- Born: August 26, 1958
- Died: February 12, 2007 (aged 48) Beverly Hills, California, U.S.
- Occupations: Producer, actor, casting director
- Known for: co-founder of The Trevor Project
- Spouse: Roslyn Kind ​ ​(m. 1983; div. 1988)​
- Awards: Emmy Award for Outstanding Casting for a Miniseries or Special 1990 The Incident Academy Award for Best Live Action Short Film 1994 Trevor

= Randy Stone =

American actor (1958–2007)

Randy Stone (August 26, 1958 – February 12, 2007) was an American actor, producer, and casting director. He was a co-founder of The Trevor Project.

== Career ==
===Acting===
Stone began his acting career in 1976 as a child actor on Charlie's Angels. However, most of his acting roles were as an adult. He appeared in two episodes of Space: Above and Beyond, and did two film roles. His most notable performance was as the hapless gay Los Angeles millionaire Michael Beebe in the second-season episode Beware of the Dog on the television series Millennium.

===Casting===
Stone's primary career was as a casting director. He began working with The Landsberg Company in 1981. His first job was casting the NBC series Gimme a Break! He was head of casting at 20th Century Fox Television, and was responsible for casting David Duchovny and Gillian Anderson on The X-Files and Lance Henriksen on Millennium. In 1998, Stone, who was gay, was terminated at Fox and filed a complaint with the California State Labor Commission that he had been illegally discriminated against on the basis of his sexual orientation.

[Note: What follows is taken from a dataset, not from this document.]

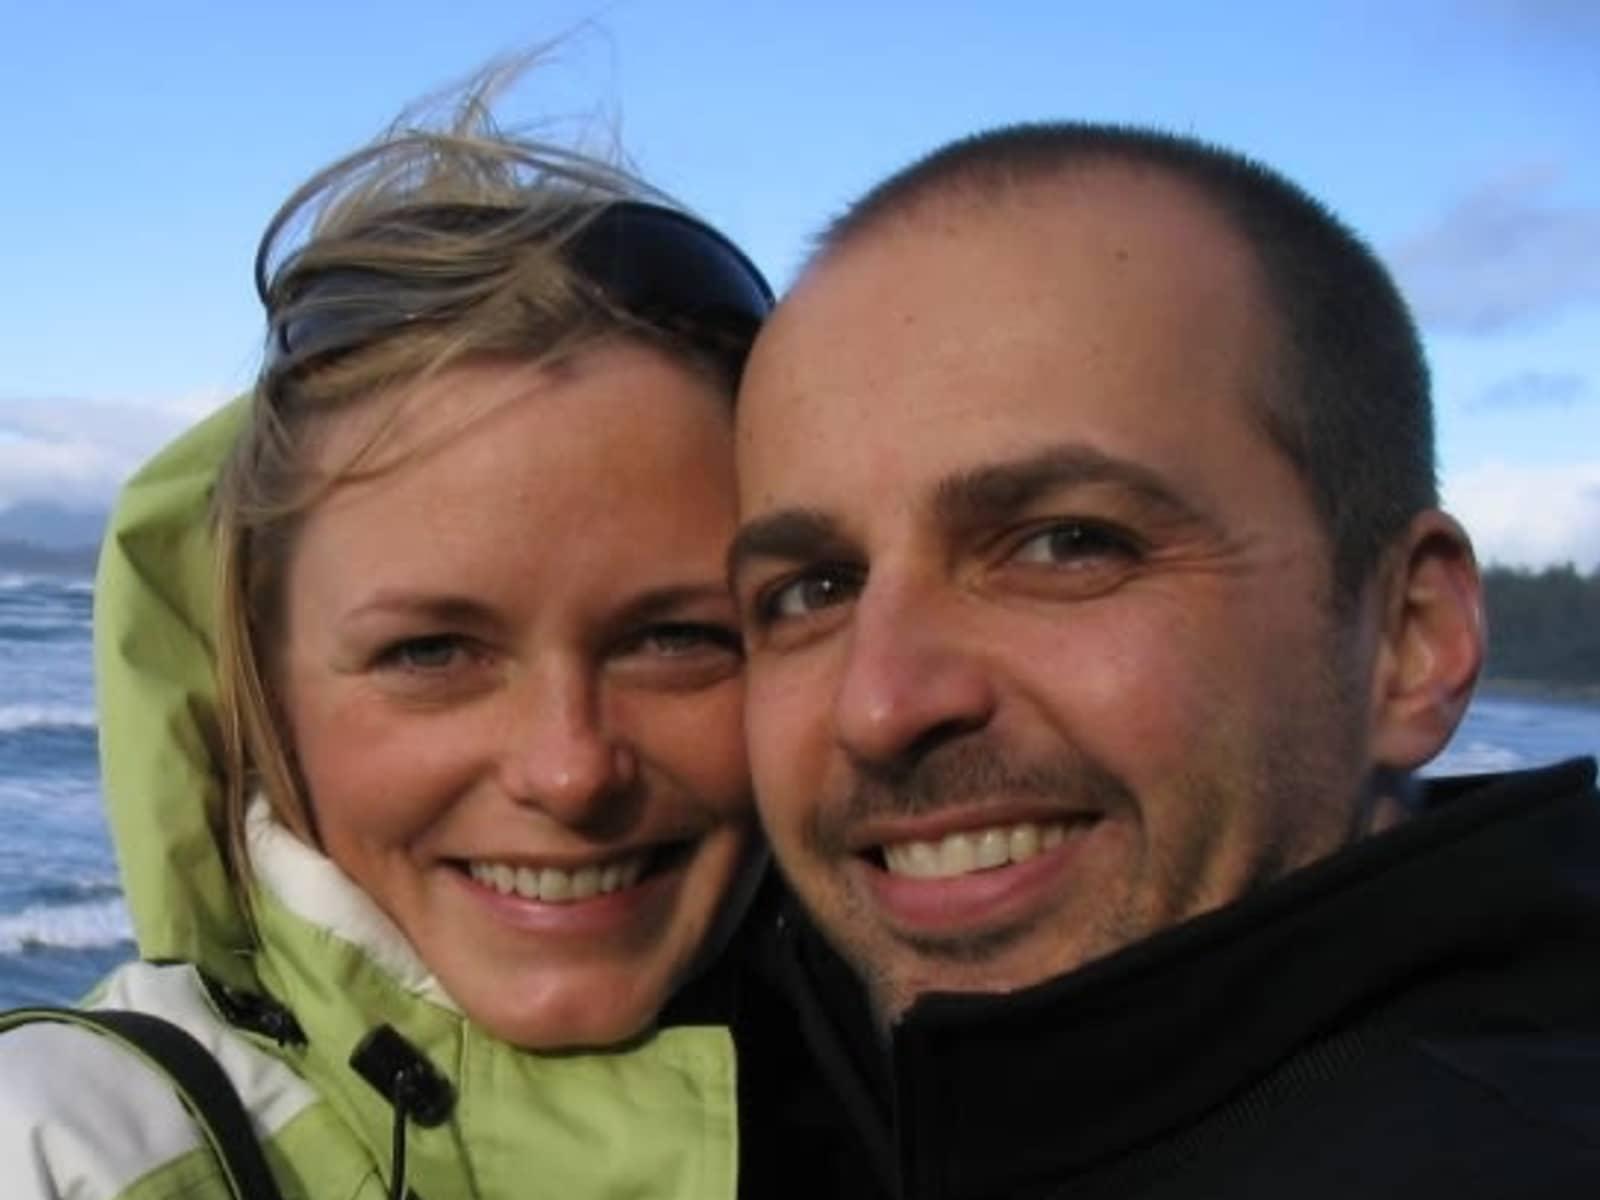 Tim & valerie & Valerie from Kelowna, British Columbia, Canada

The company refused to comply with the Commission's decision.

Among his more notable film and television casting jobs were the film Jaws 3-D (1983), the made-for-TV movie The Ryan White Story (1989), Cameron Crowe's directorial film debut Say Anything... (1989), the made-for-TV movie The Incident (1990) and the television series Space: Above and Beyond.

===Producing===
In later years, he also produced several films. He was executive producer for the film Little Man Tate, Jodie Foster's directorial debut motion picture. He and co-producer/director Peggy Rajski won an Oscar for the 1994 short film Trevor, a comedy-drama about a gay teenage boy's attempted suicide. Ellen DeGeneres hosted a special airing of the film on HBO in 1998. In 2006, Stone wrote and executive produced the television film A Little Thing Called Murder, starring Judy Davis, based on the story of murderer Sante Kimes. It won him the International Press Academy's Satellite Award for Motion Picture Made for Television.

=== The Trevor Project ===
In 1998, Stone co-founded a nonprofit organization inspired by the film Trevor, called The Trevor Project. The organization runs a 24-hour, toll-free suicide prevention hotline aimed at gay and questioning youth in the United States. The organization produced teaching guides and support materials for distribution to teens in schools.

== Personal life ==
In 1983, Stone married Roslyn Kind, half-sister of Barbra Streisand. After their 1988 divorce, he came out as gay. He was close friends with Jodie Foster.

On February 12, 2007, Stone died of heart disease at his home in Beverly Hills, California.

== Awards ==
In addition to his Oscar, he and fellow casting director Holly Powell won an Emmy Award in 1990 for Outstanding Casting for a Miniseries or Special for The Incident. Stone and Powell were only the second recipients of this award, which had been established in 1989.

He was nominated three times for an Artios Award by the Casting Society of America. In 1982, he was nominated for Best Casting for Comedy Episodic TV for his work on Cheers. In 1986, he and co-casting director Lori Openden were nominated in the same category for casting the pilot episode of All Is Forgiven. And in 1991 he was nominated for Best Casting for a TV Miniseries for Switched at Birth.